If a picture appears, leave it out, and reproduce exactly the lines from the start of the listing below through the one bearing "Caffettiera Monaco, Acciaio".

[[ Supplied information open ]]

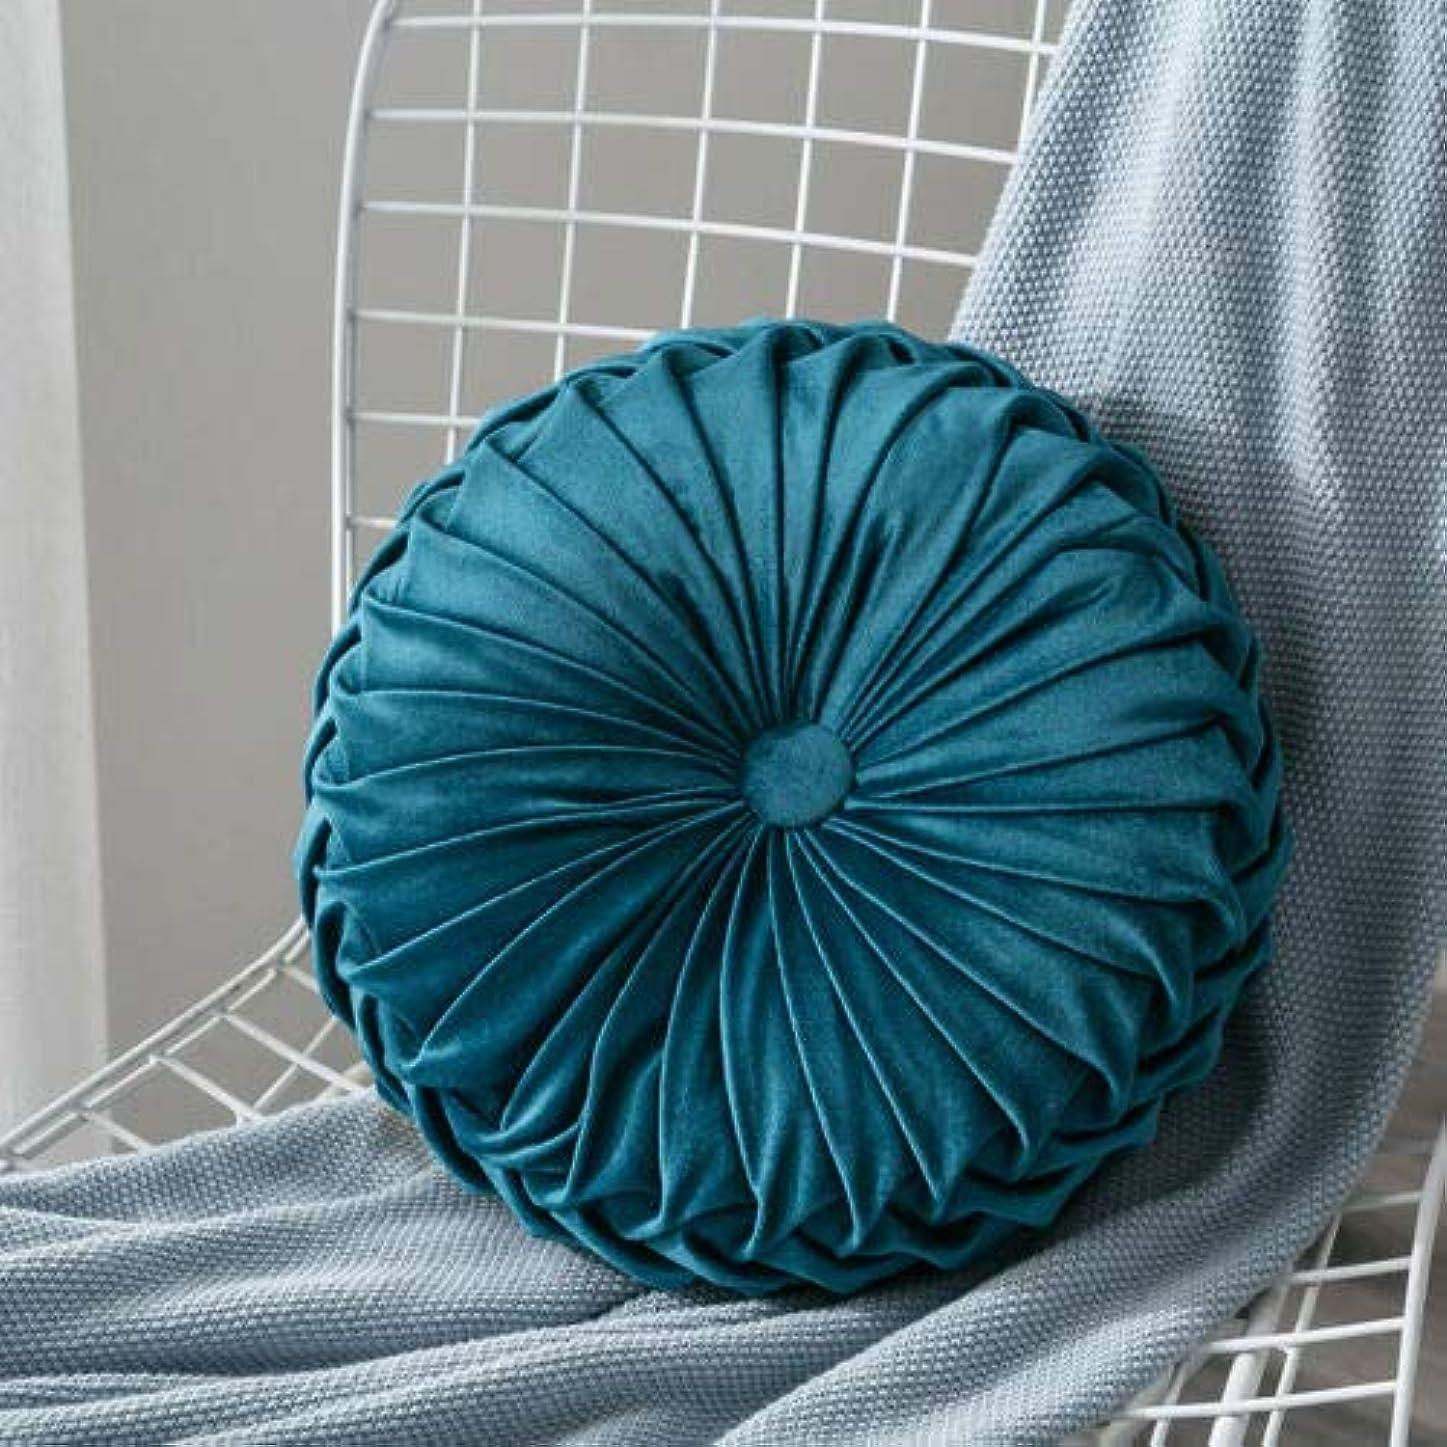 吸い込む授業料挨拶するLIFE ベルベットプリーツラウンドカボチャ枕ソファクッション床枕の装飾 クッション 椅子
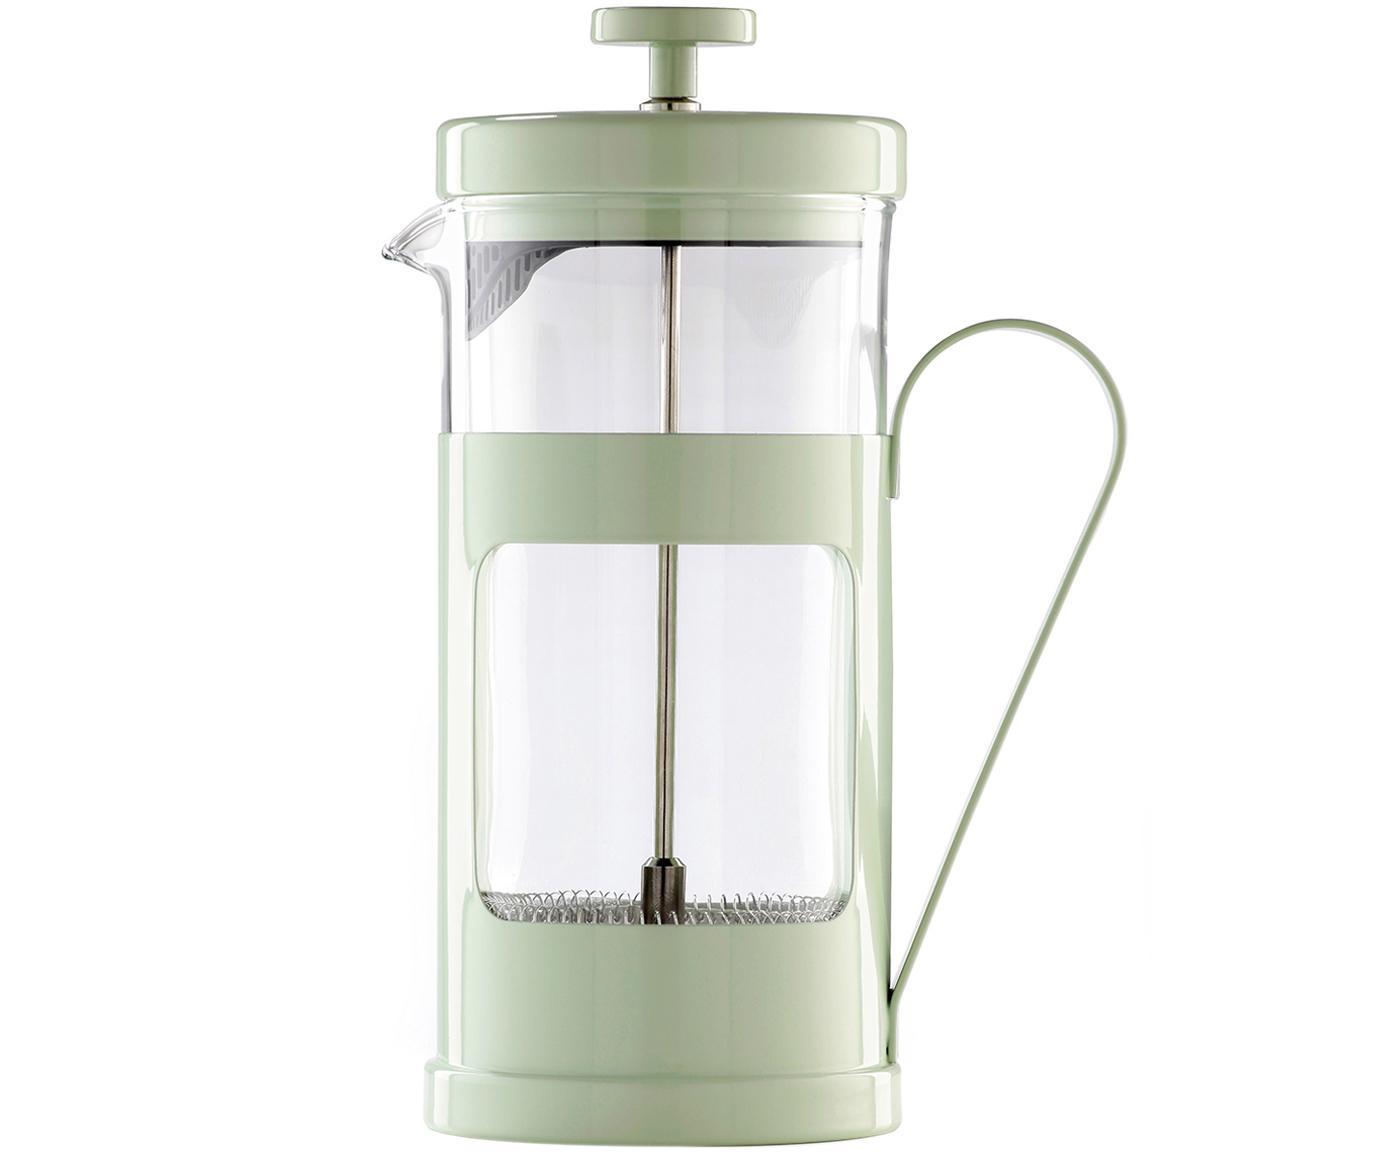 Caffettiera Monaco, Acciaio inossidabile verniciato, vetro borosilicato, Trasparente, menta, 1 l
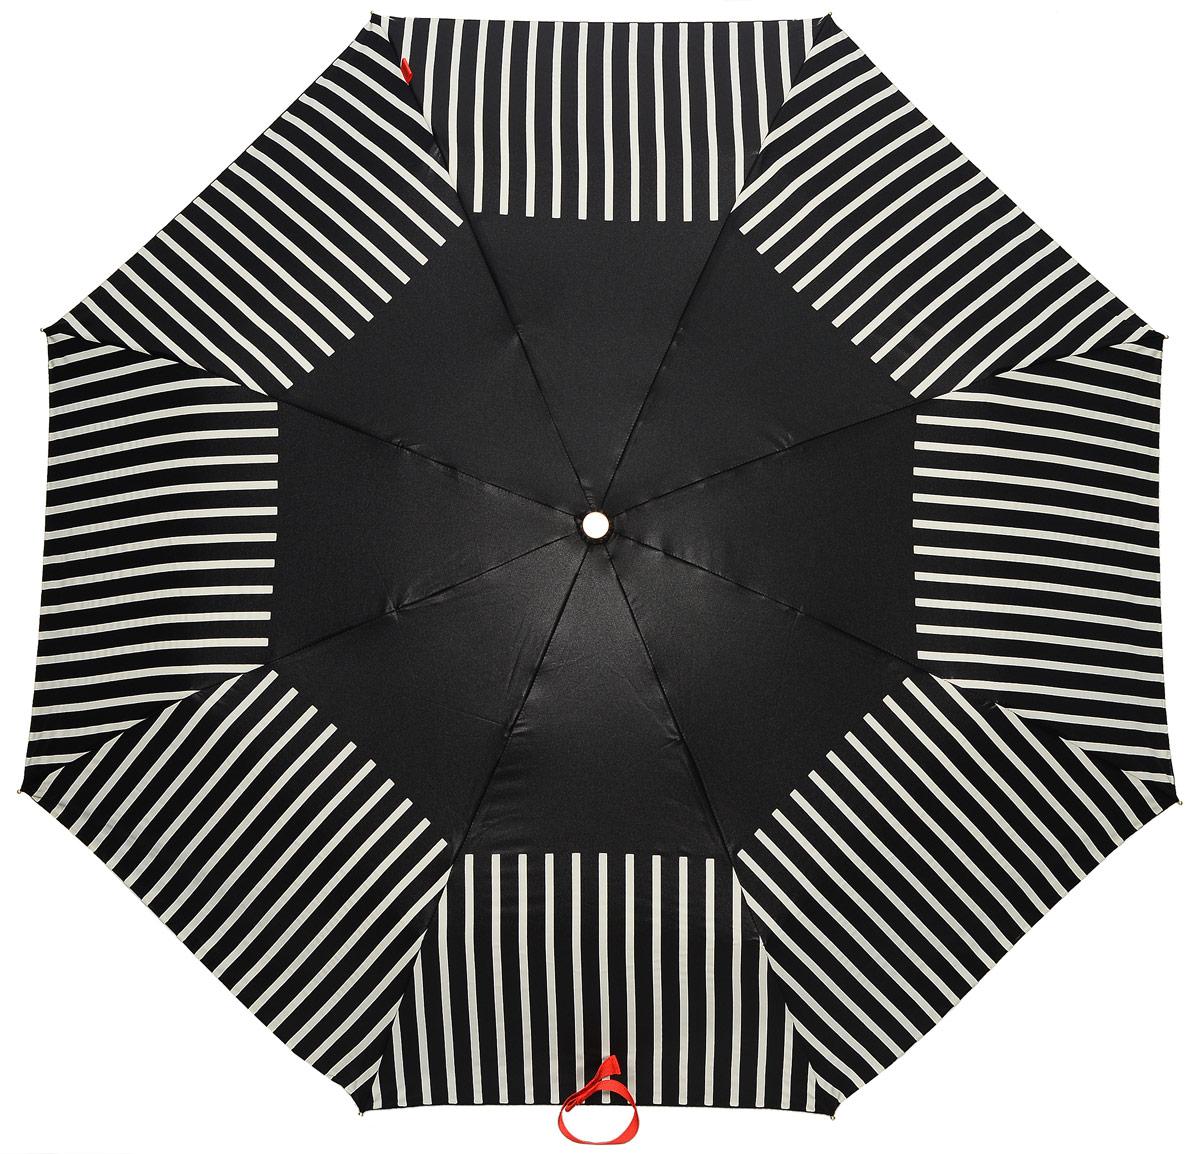 M&P 5789-1 Зонт полный автом. 3 сл. жен.REM12-CAM-REDBLACKЗонт испанского производителя Clima. В производстве зонтов используются современные материалы, что делает зонты легкими, но в то же время крепкими.Полный автомат, 3 сложения, 7 спиц, полиэстер.

[[ Supplied information closed ]]

> [Answer section]
 吸い込む授業料挨拶するLIFE ベルベットプリーツラウンドカボチャ枕ソファクッション床枕の装飾 クッション 椅子
 Caffettiera Monaco, Acciaio inossidabile verniciato, vetro borosilicato, Trasparente, menta, 1 l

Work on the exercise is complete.